What needs to be done >> Leave the pictures in the listing below aside and reproduce exactly the lines starting with the one with "Сумка спортивная паук, 40х21х24" and going on through the one with "El Greco - El", both ends included.

Data records >>
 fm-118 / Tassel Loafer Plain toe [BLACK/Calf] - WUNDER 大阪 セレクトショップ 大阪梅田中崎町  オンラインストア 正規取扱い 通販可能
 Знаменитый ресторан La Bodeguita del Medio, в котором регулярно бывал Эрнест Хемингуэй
* * *
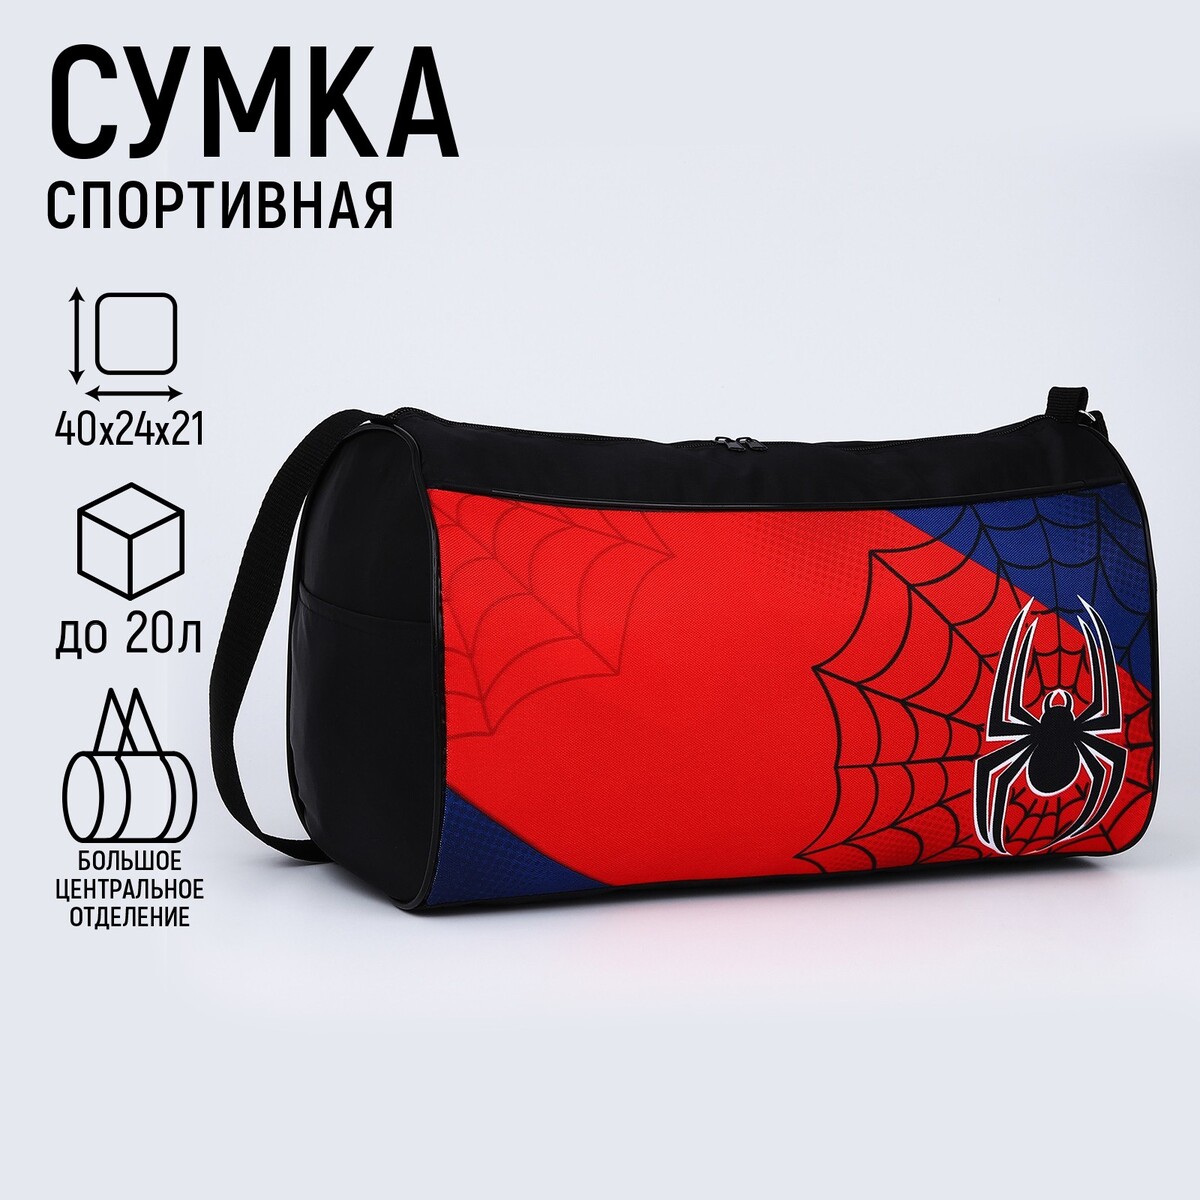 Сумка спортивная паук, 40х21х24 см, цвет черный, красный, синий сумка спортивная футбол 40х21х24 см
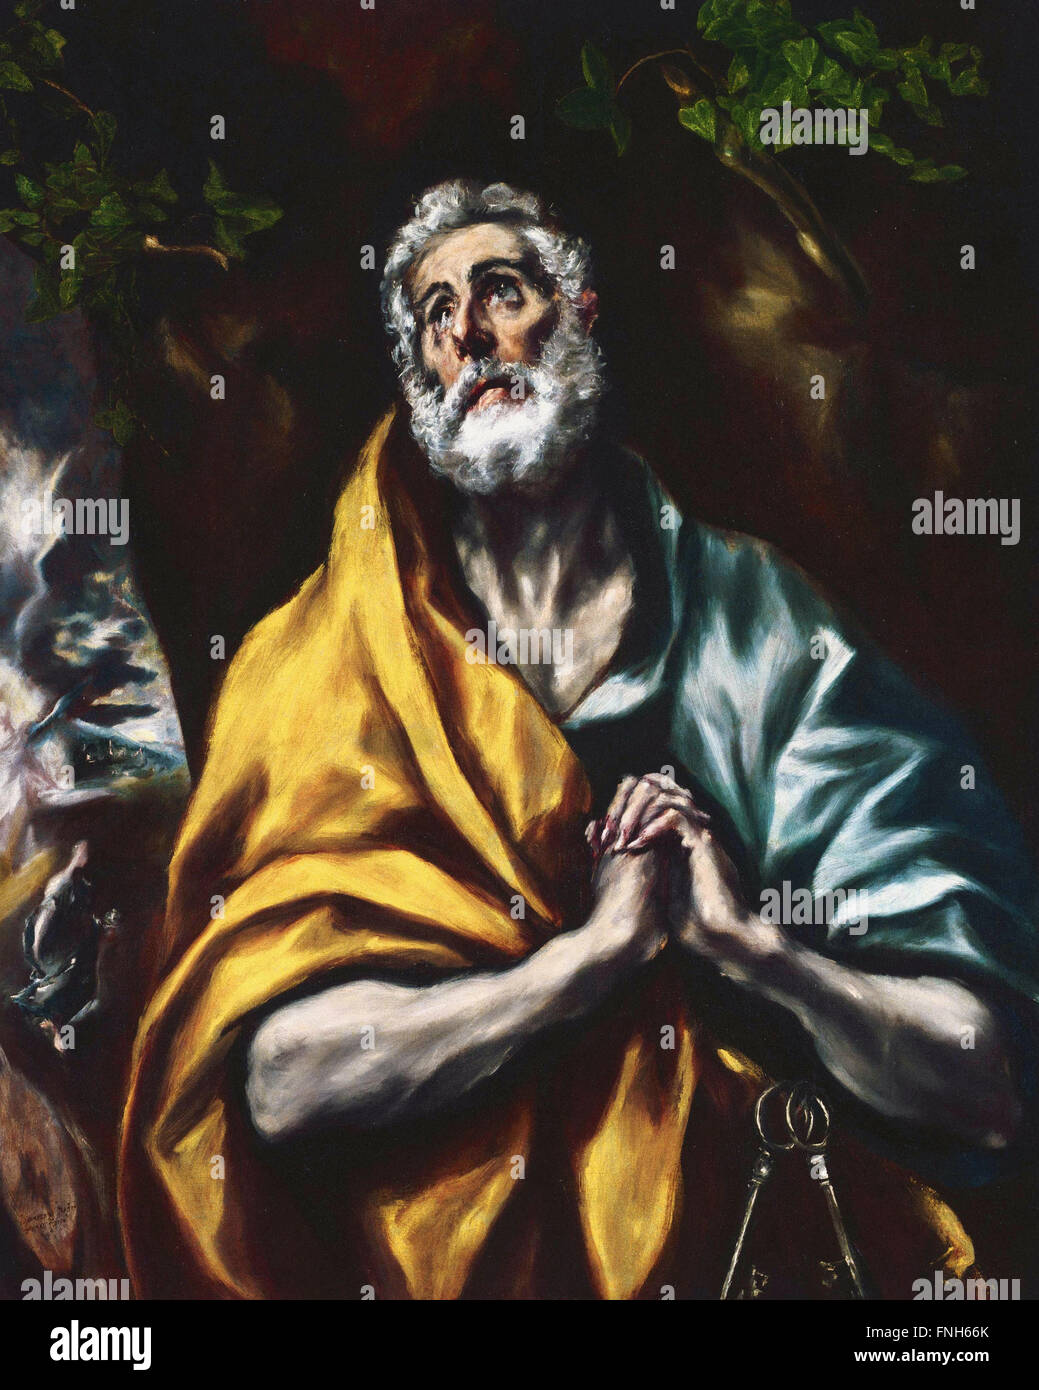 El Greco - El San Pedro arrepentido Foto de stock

Answer >>
 Сумка спортивная паук, 40х21х24 см, цвет черный, красный, синий сумка спортивная футбол 40х21х24 см
 El Greco - El San Pedro arrepentido Foto de stock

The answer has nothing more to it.